The Public Accounts Committee met Monday to review their financial risk on the Keystone XL Pipeline.
Vermilion-Lloydminster-Wainwright MLA Garth Rowswell said, “The NDP has been pressuring us to expose what our financial risk is, since the cancellation of KXL from the US president. We spent $1.5 billion equity investment in preferential shares (one of the safer credit ones), and about $6 billion as a loan guarantee as well.”
He said they are examining how much risk they have because there are currently 21 state governors suing the American Federal Government for this issue.
“This is a commitment that the president made and was under construction before another one cancelled it. I know it’s pretty slim, but we haven’t given up on getting it built,” said Rowswell.
The UCP previously voted down a bill in January but are in favour of having the energy ministry department release a report, he’s just unsure when that will happen.
“We have supporters down there for sure but the question is how much will we lose? You should be able to get an indication of where we are at,” said Rowswell.
“There is financial risk and it’s important to see.”
At a Vermilion & District Chamber of Commerce Business Connect meeting, Rowswell was asked what the government is preparing to do next to bring Alberta oil to tidewater. His response was that they will continue to advocate.
“We’re bringing in oil from other countries – it just doesn’t make sense,” said Rowswell.
“We’ve been beat up to a point, and we need pipelines to ramp up.
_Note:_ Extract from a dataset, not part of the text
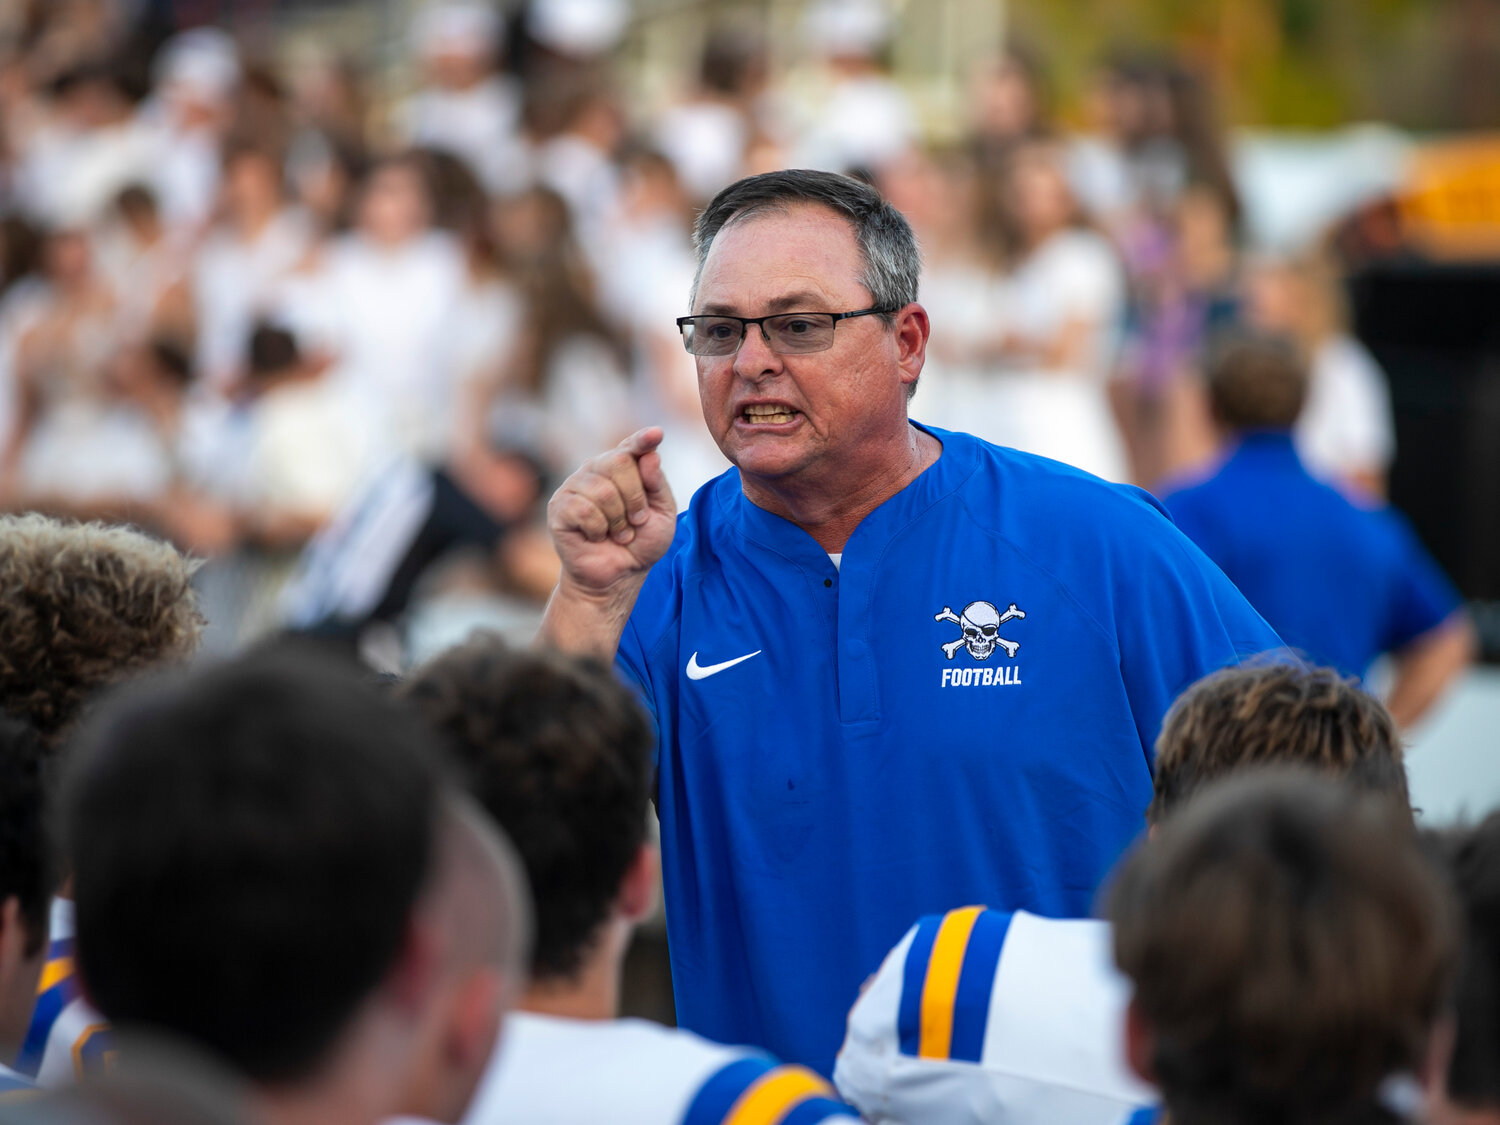 Fairhope head football coach Tim Carter meets with his team before the season-opening contest against the Spanish Fort Toros on the road on Thursday, Aug. 24. The Pirates will be away again this week to face the Choctawhatchee Indians in a rematch of a 43-39 shootout from last year.

Other than that the Trans Mountain should be going, Northern Gateway or Energy East would be nice, but we need help from the Federal Government to remove some of the restrictions and get more companies.”
In the meantime, he said they may be depending on the railroad for shipments.
As for all types of energy, Rowswell said “Energy should be reliable, scalable and as affordable as possible – it’s essential, you need energy.”
When working with the energy caucus he said they have met with all sorts of people, including representatives from geothermal, solar, small modular reactors, a side rehabilitation program, and the oil industry working on a master plan to clean up sites for abandoned wells.
“As a result I have plans to build a matrix for all energy sources, comparing what their environmental footprints are, etc. It’s a big job but the chair is on board,” said Rowswell.